Sung by the people of Faery over Diarmuid and Grania,
in their bridal sleep under a Cromlech.

We who are old, old and gay,
O so old!
Thousands of years, thousands of years,
If all were told:

Give to these children, new from the world,
Silence and love;
And the long dew-dropping hours of the night,
And the stars above:

Give to these children, new from the world,
Rest far from men.
Is anything better, anything better?
Tell us it then:

Us who are old, old and gay,
O so old!
Thousands of years, thousands of years,
If all were told.

I had to look up some words while reading this poem, and it is a good thing that I did, because understanding the references is key to understanding this poem. Yeats is the master of drawing on mythology when crafting his poetry, and figuring out the mythological references is necessary when attempting to uncover the hidden meaning in a Yeats’ poem.

First I looked up Diarmuid and Grania, and I learned that Diarmuid was a hero who eloped with Grania, who was betrothed to a chief named Finn. Diarmuid was then killed by a magical boar which was summoned by Finn. The other term I looked up was cromlech, which in the British Isles is a circle of standing stones, often used as a tomb (see image above). Once I understood all this, the hidden meaning of the poem became clear to me.

Basically, I interpret this as a poem about how myths are created. The Faery folk inhabit the realm of the mythical, and as such, have attained immortality, having existed “thousands of years, thousands of years.” The cromlech symbolizes two things. First, it is a portal to the realm of the Faery; second, it is a circular monument immortalizing the lives of Diarmuid and Grania. Essentially, the cromlech marks the transition from just a human story to something transcendent—an eternal myth that will live on in human consciousness.
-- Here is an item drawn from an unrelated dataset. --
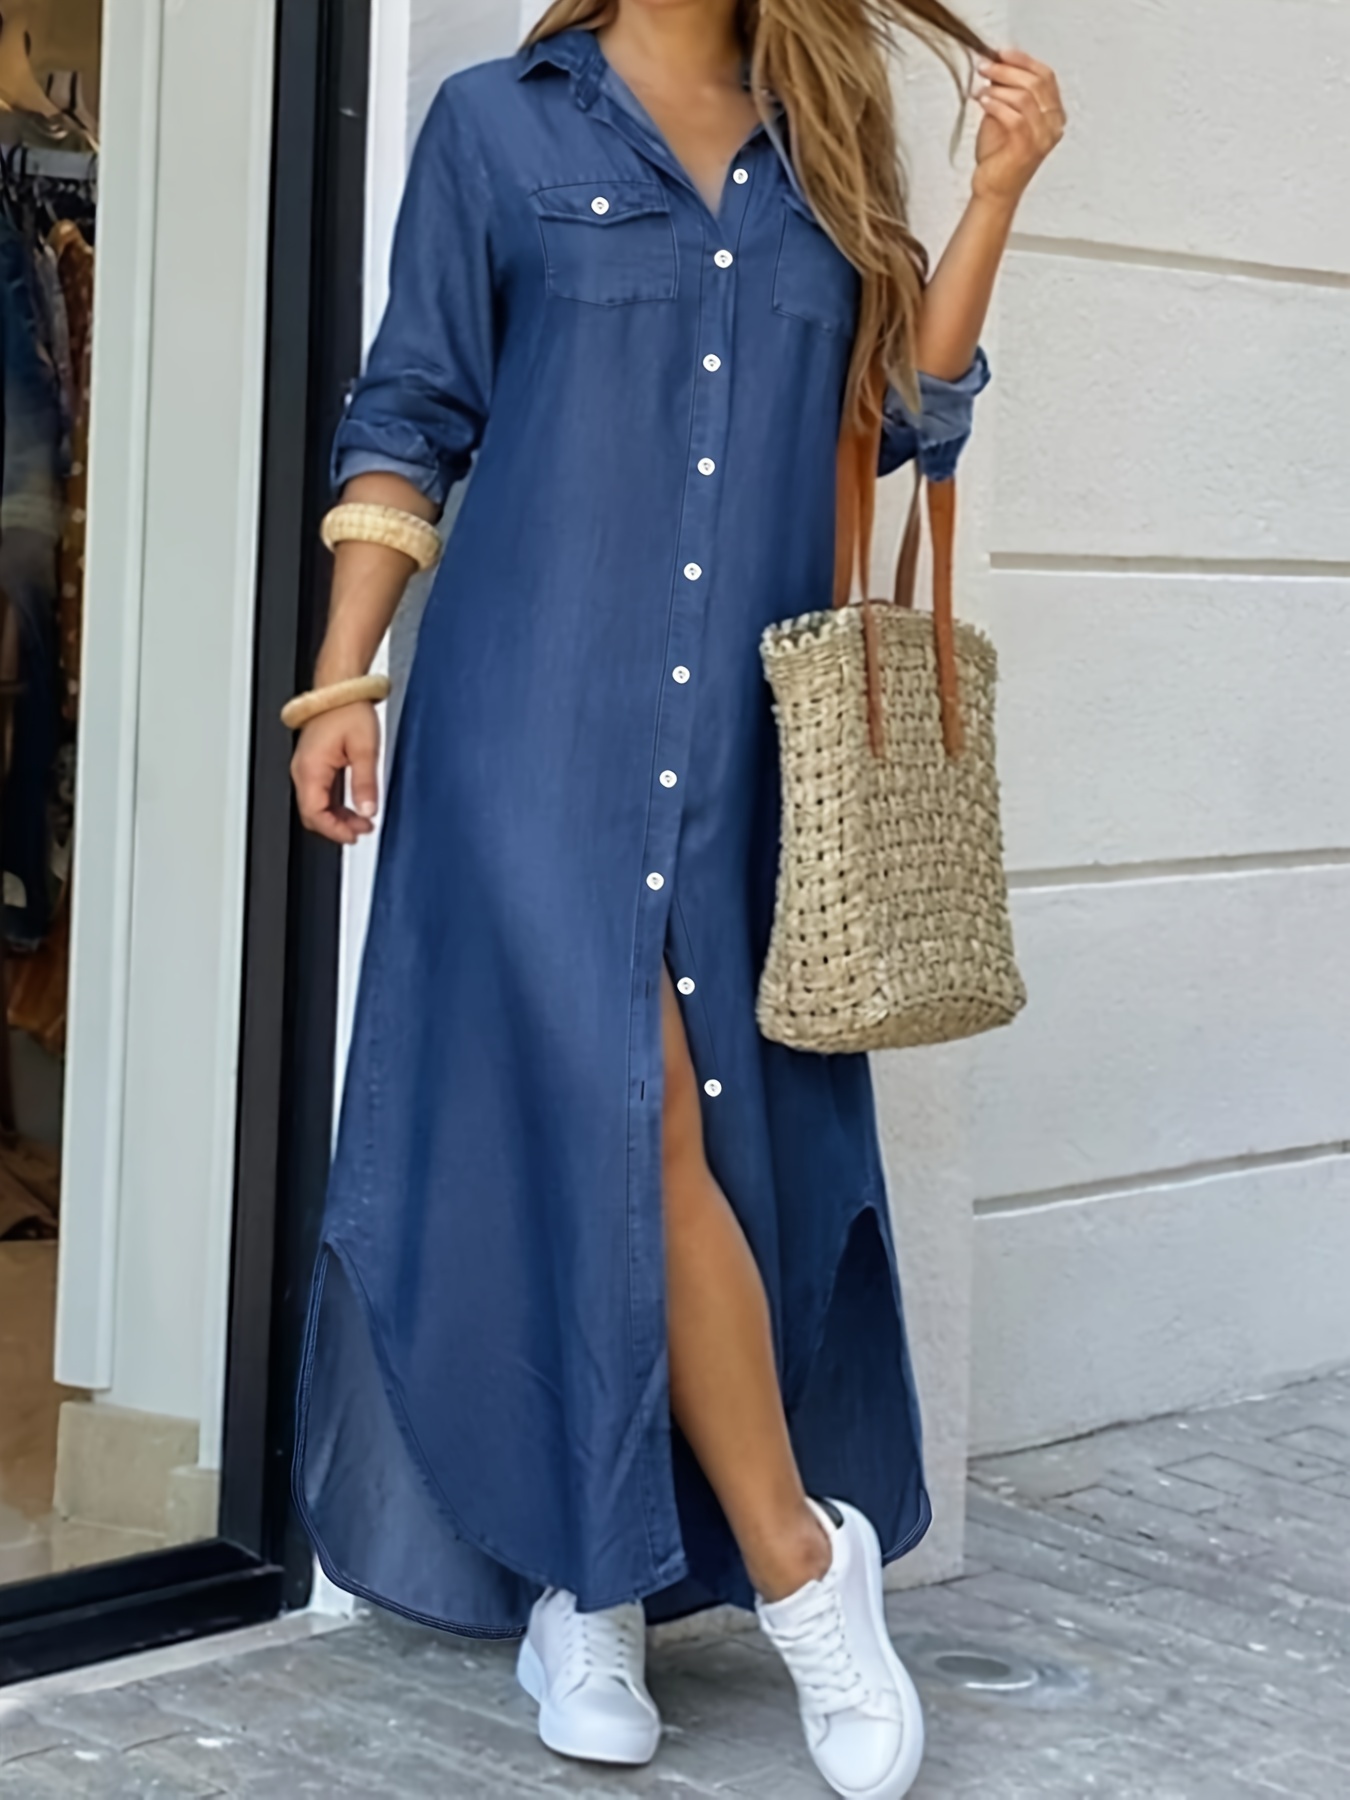 2021 Womens Summer Denim Maxi Dress With Button Bootstrap 5 Up Pocket, Blue  Print, Short Sleeves, Plus Size Option, Casual And Long Vestidos 5XL Q0712  From Yanqin03, $12.53

There is one other phrase that supports this interpretation. The Faery folk state that Diarmuid and Grania are “new from the world.” This is very different from saying they are new to the world. They have just come from the world of our existence and entered the dimension of the Faery. Symbolically, this means that the story of their love and of Diarmuid’s tragic death has now become a part of the collective mythology. As a result, they too can expect to live for “thousands of years” as mythological beings within the collective human consciousness.

For a poem that lyrically seems very simple, this is very rich and complex. Whenever I read Yeats, I always approach the poem expecting there to be more that what appears on the surface. It is rare that I do not find a deeper, mystical meaning hidden within the lines and words.

Hope you enjoyed this as much as I did, and please feel free to share any thoughts or impressions.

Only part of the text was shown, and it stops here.